AVAILABLE DATA:
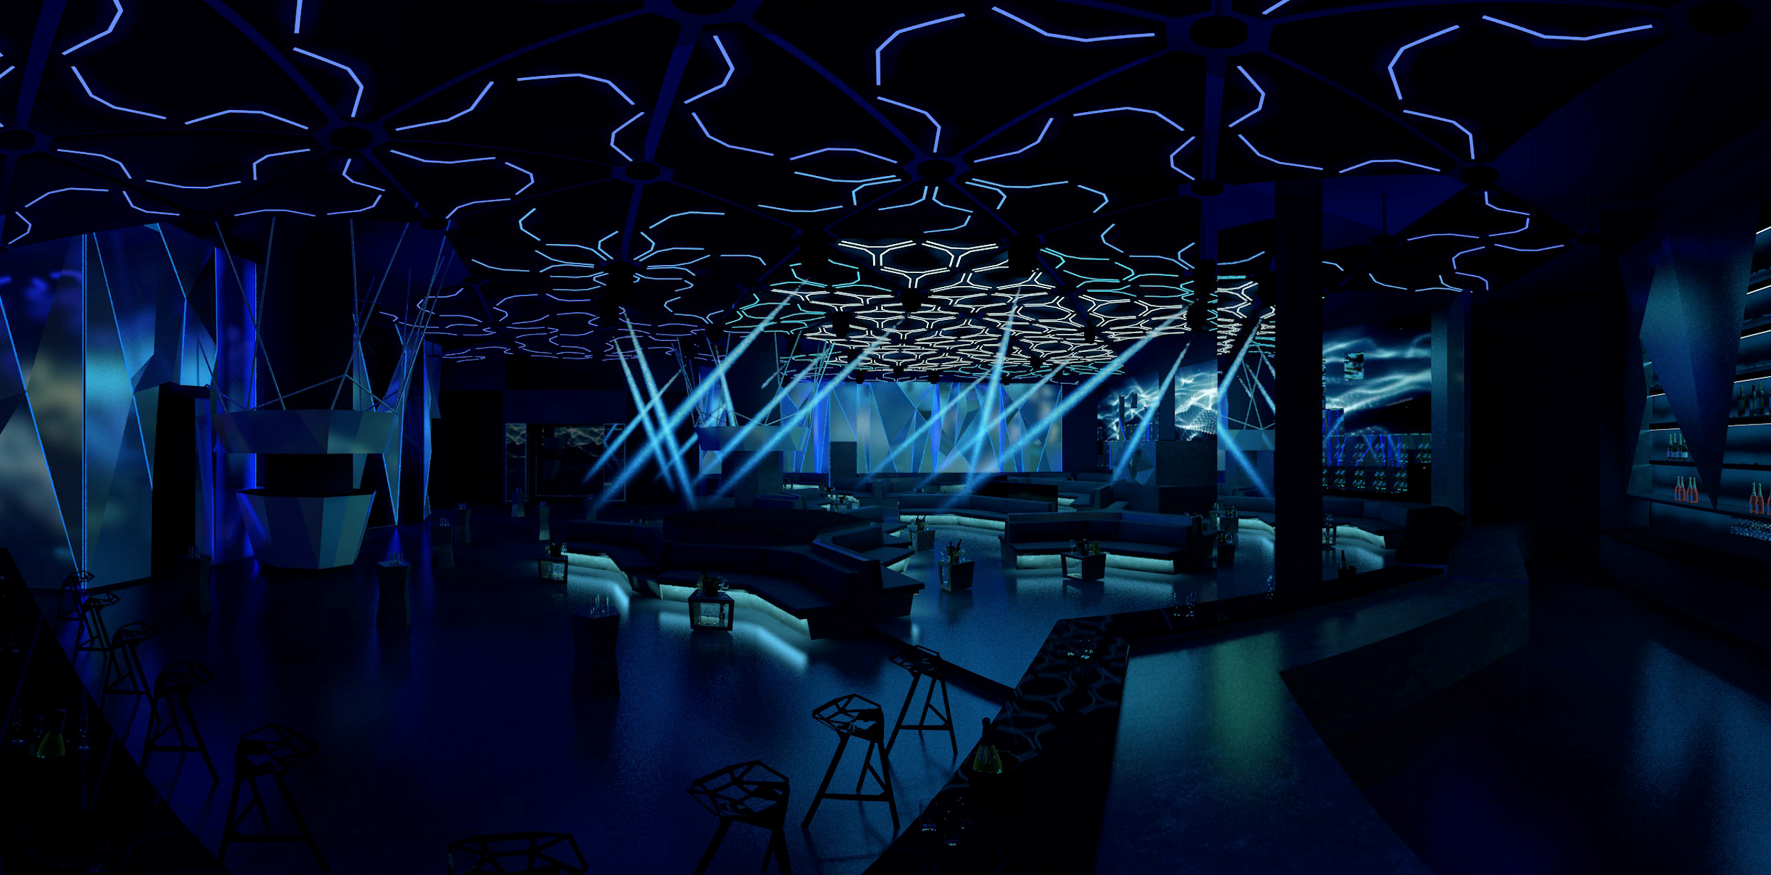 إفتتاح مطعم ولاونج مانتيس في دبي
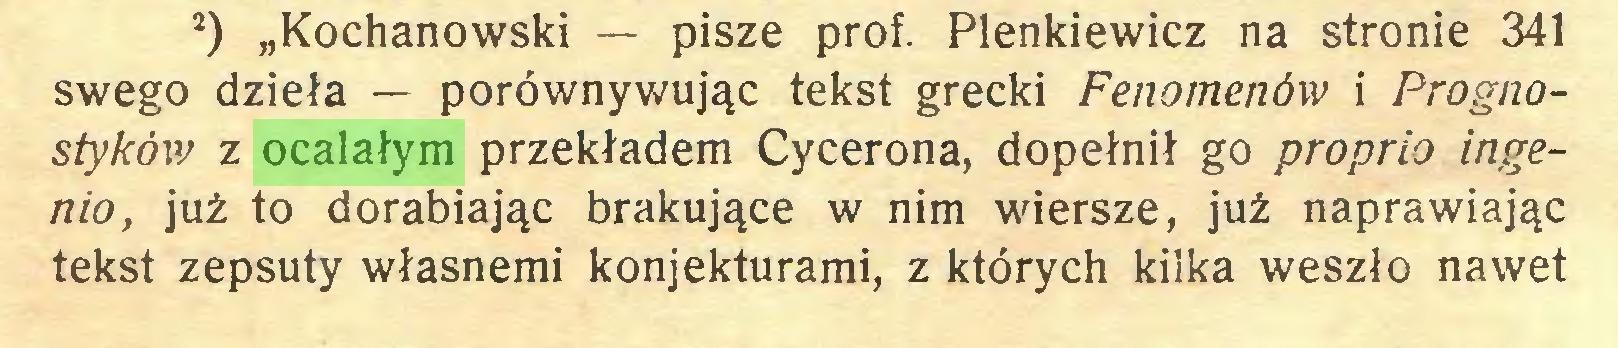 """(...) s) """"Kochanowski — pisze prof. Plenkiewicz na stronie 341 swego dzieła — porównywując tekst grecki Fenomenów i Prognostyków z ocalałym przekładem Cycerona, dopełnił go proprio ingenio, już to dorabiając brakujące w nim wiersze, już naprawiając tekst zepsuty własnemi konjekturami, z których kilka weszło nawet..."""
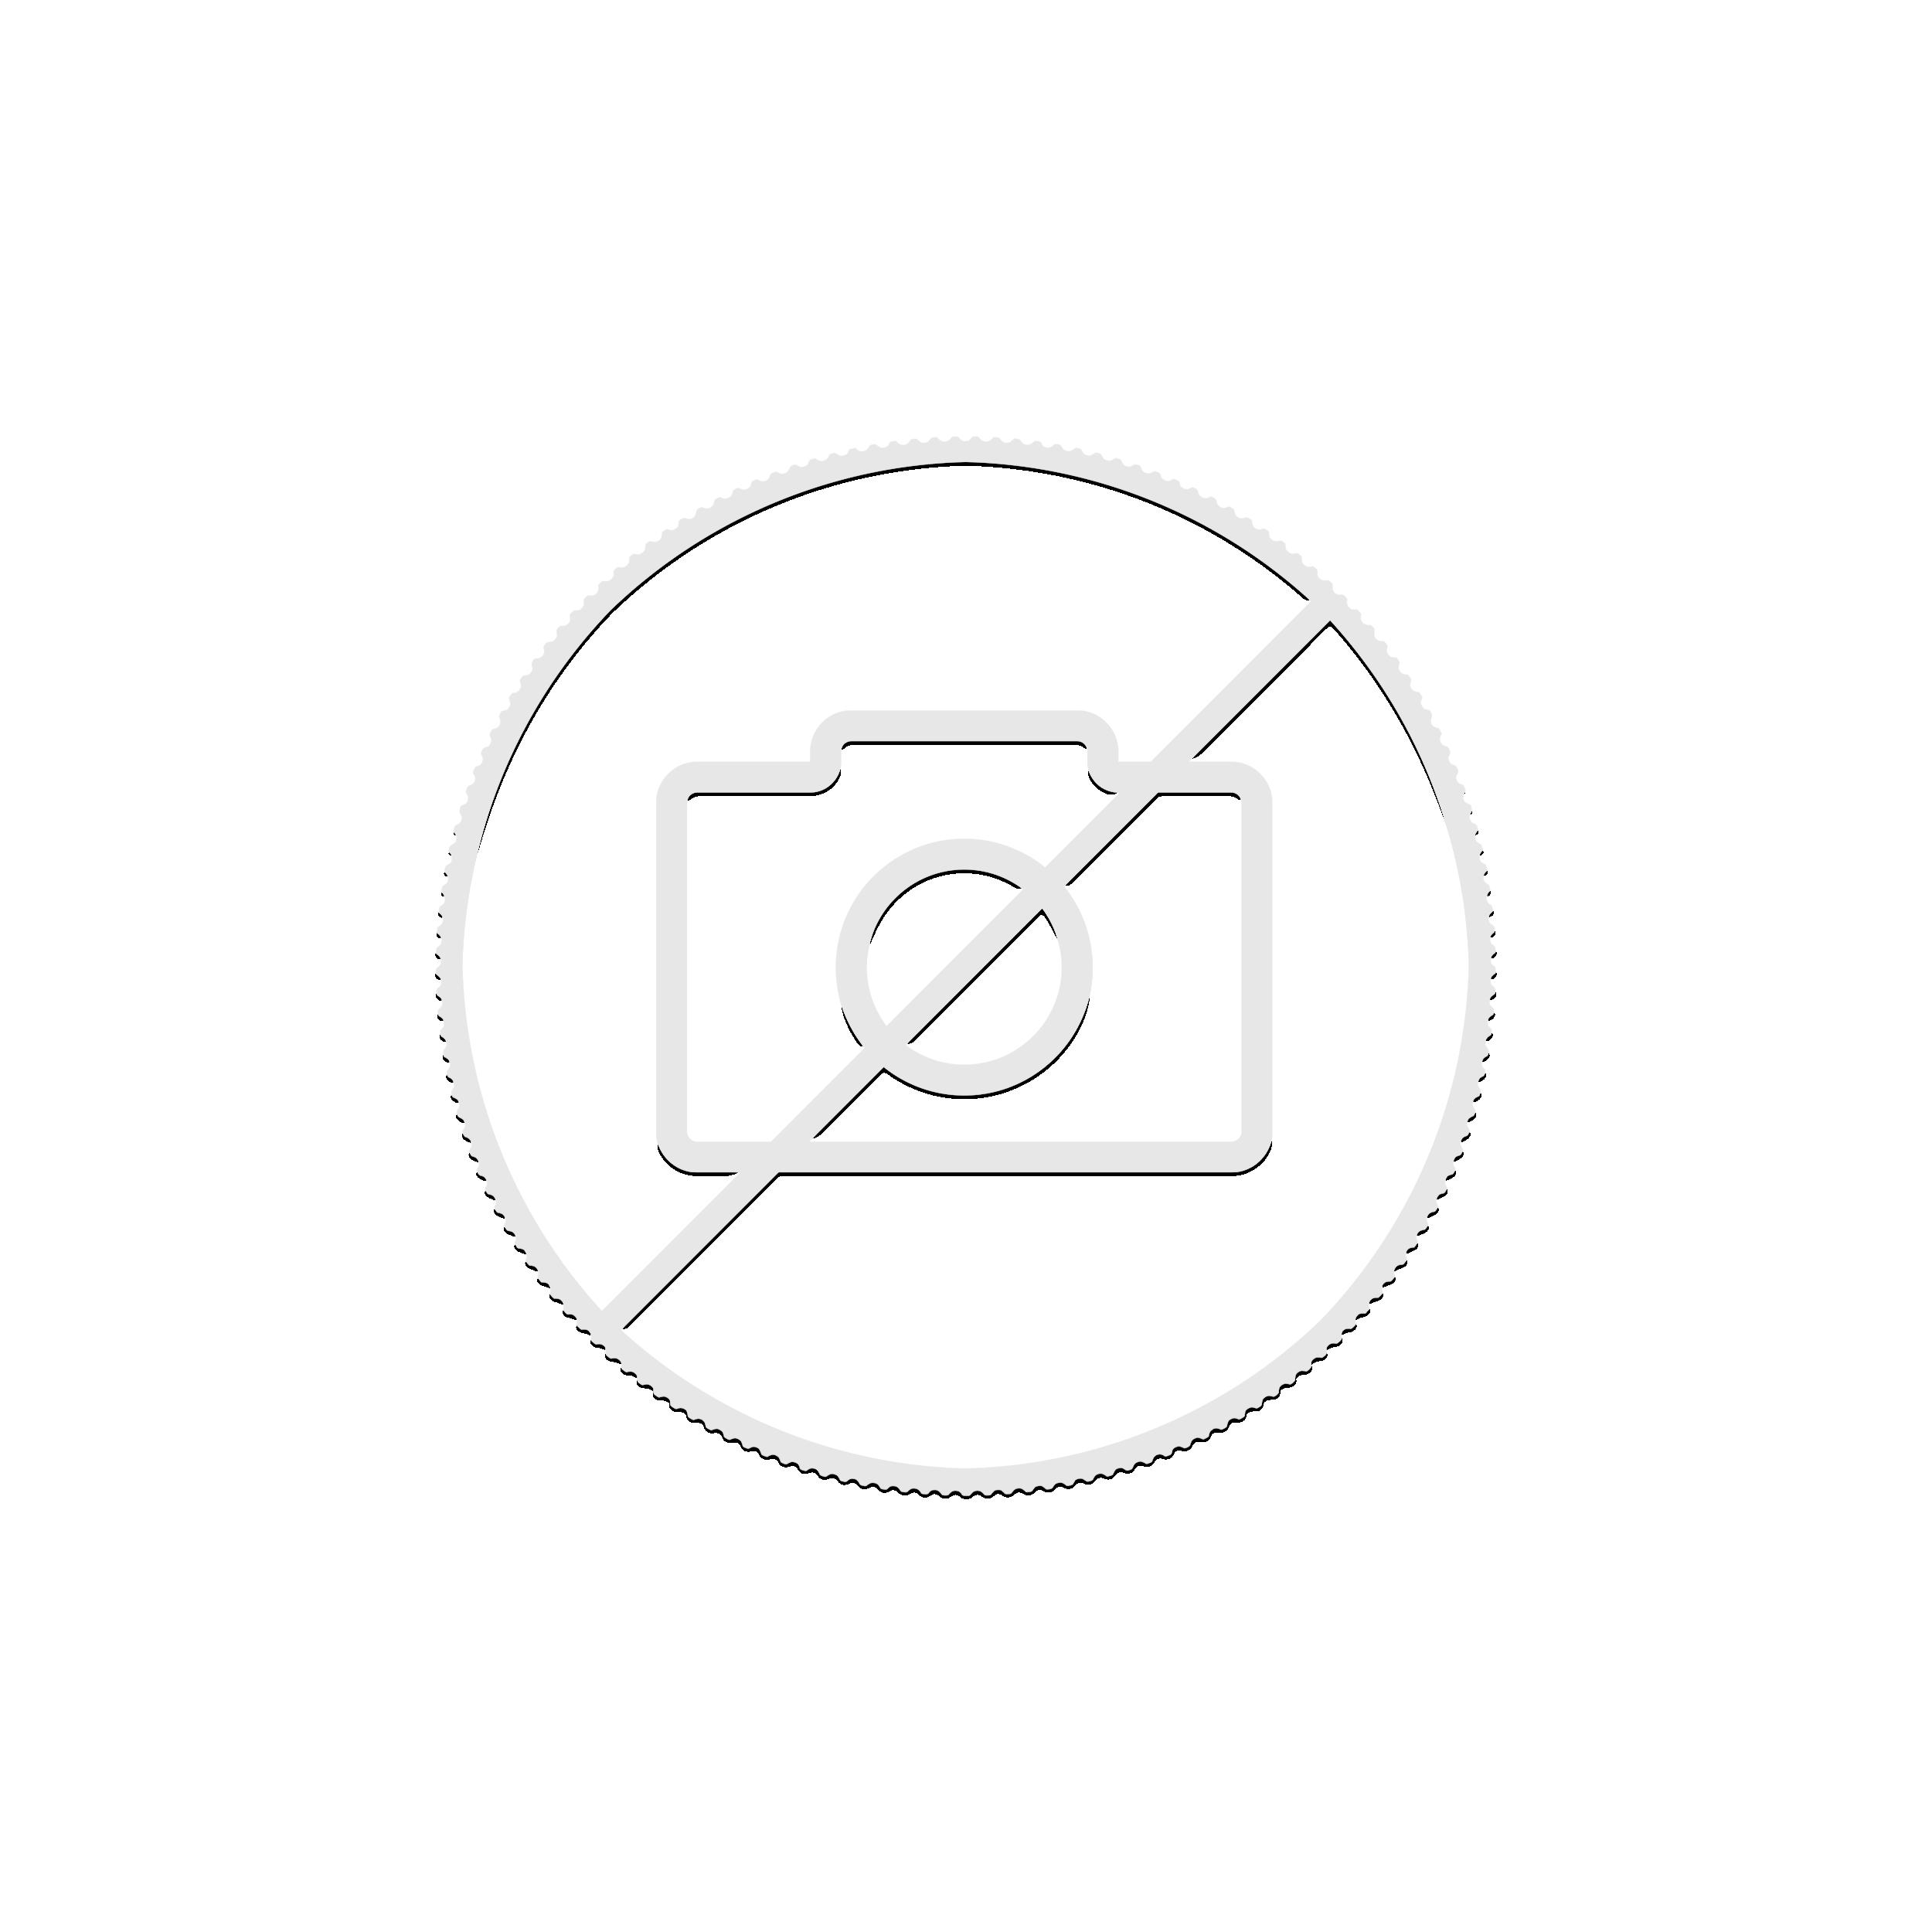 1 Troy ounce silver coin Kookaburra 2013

EXERCISE GOAL: Return the listing above unaltered, omitting its pictures.

ANSWER AREA:
 إفتتاح مطعم ولاونج مانتيس في دبي
 """(...) s) """"Kochanowski — pisze prof. Plenkiewicz na stronie 341 swego dzieła — porównywując tekst grecki Fenomenów i Prognostyków z ocalałym przekładem Cycerona, dopełnił go proprio ingenio, już to dorabiając brakujące w nim wiersze, już naprawiając tekst zepsuty własnemi konjekturami, z których kilka weszło nawet..."""
 1 Troy ounce silver coin Kookaburra 2013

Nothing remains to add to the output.